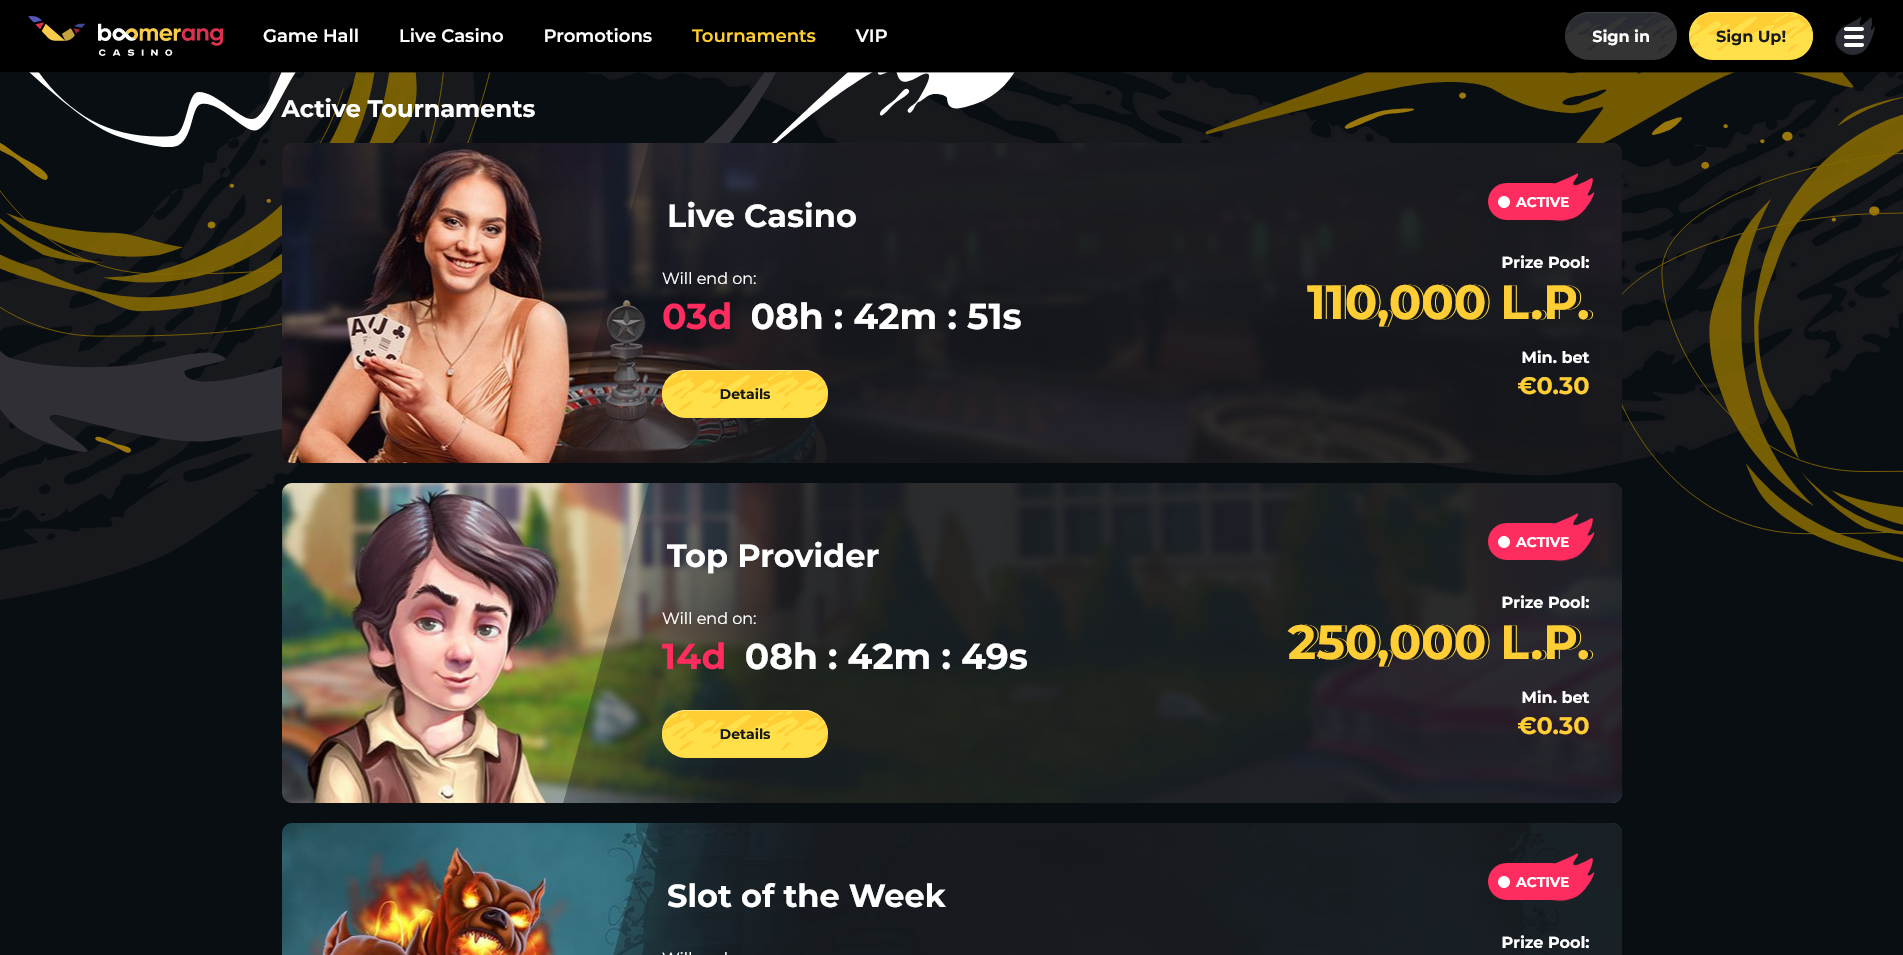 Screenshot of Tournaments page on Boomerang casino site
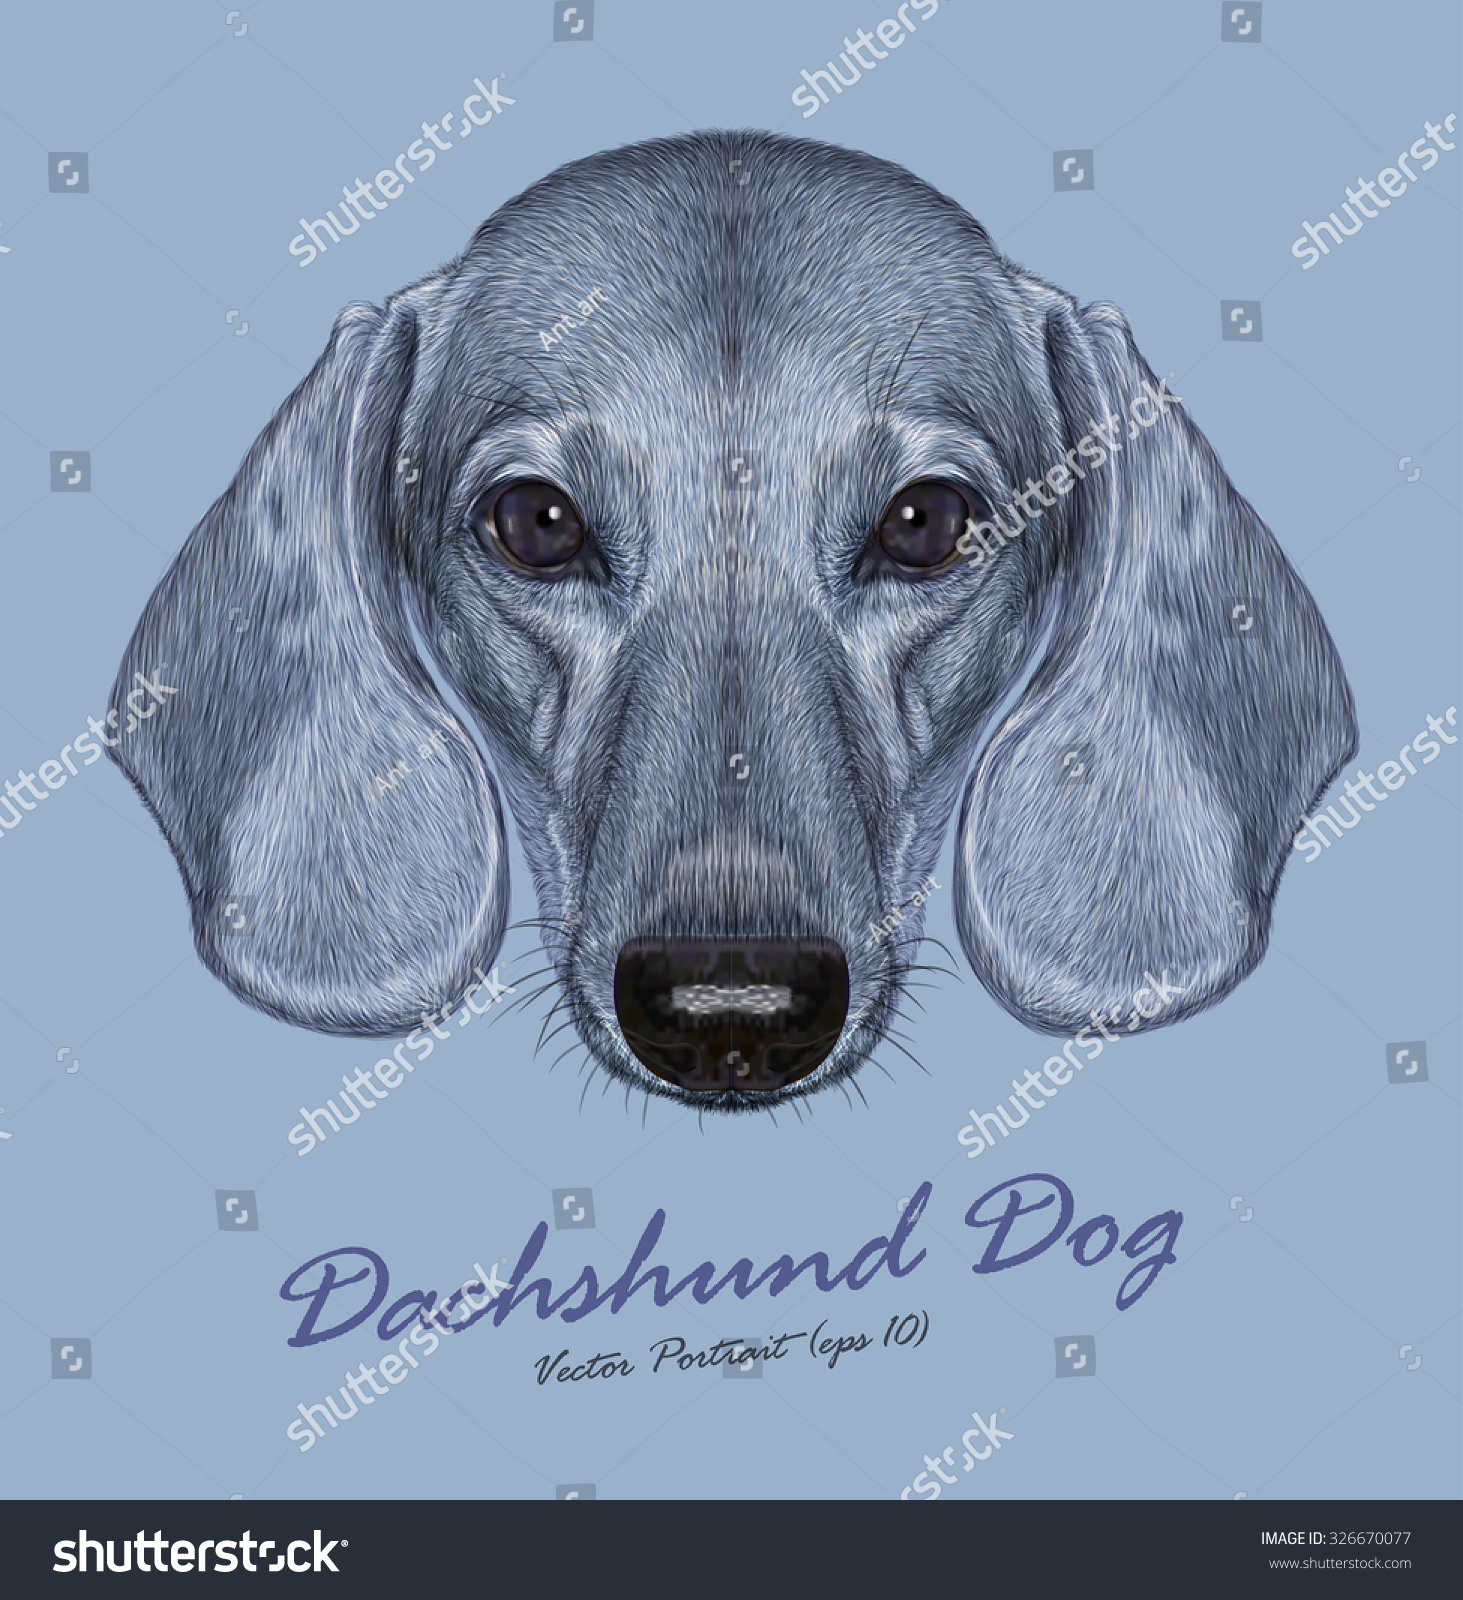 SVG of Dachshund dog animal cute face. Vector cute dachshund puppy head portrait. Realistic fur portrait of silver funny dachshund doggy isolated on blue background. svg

▬▬▬▬▬▬

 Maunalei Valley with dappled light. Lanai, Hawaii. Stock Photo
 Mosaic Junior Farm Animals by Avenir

▬▬▬▬▬▬

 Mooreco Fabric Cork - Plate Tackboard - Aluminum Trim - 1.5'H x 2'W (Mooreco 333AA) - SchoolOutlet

▬▬▬▬▬▬

▶ [YOUR OBJECTIVE]:
Those lines of the records above that run from the one containing "Screenshot of Tournaments" through the one containing "SVG of Dachshund" should be returned exactly, with no pictures among them.

▶ [WRITTEN SOLUTION]:
 Screenshot of Tournaments page on Boomerang casino site
 SVG of Dachshund dog animal cute face. Vector cute dachshund puppy head portrait. Realistic fur portrait of silver funny dachshund doggy isolated on blue background. svg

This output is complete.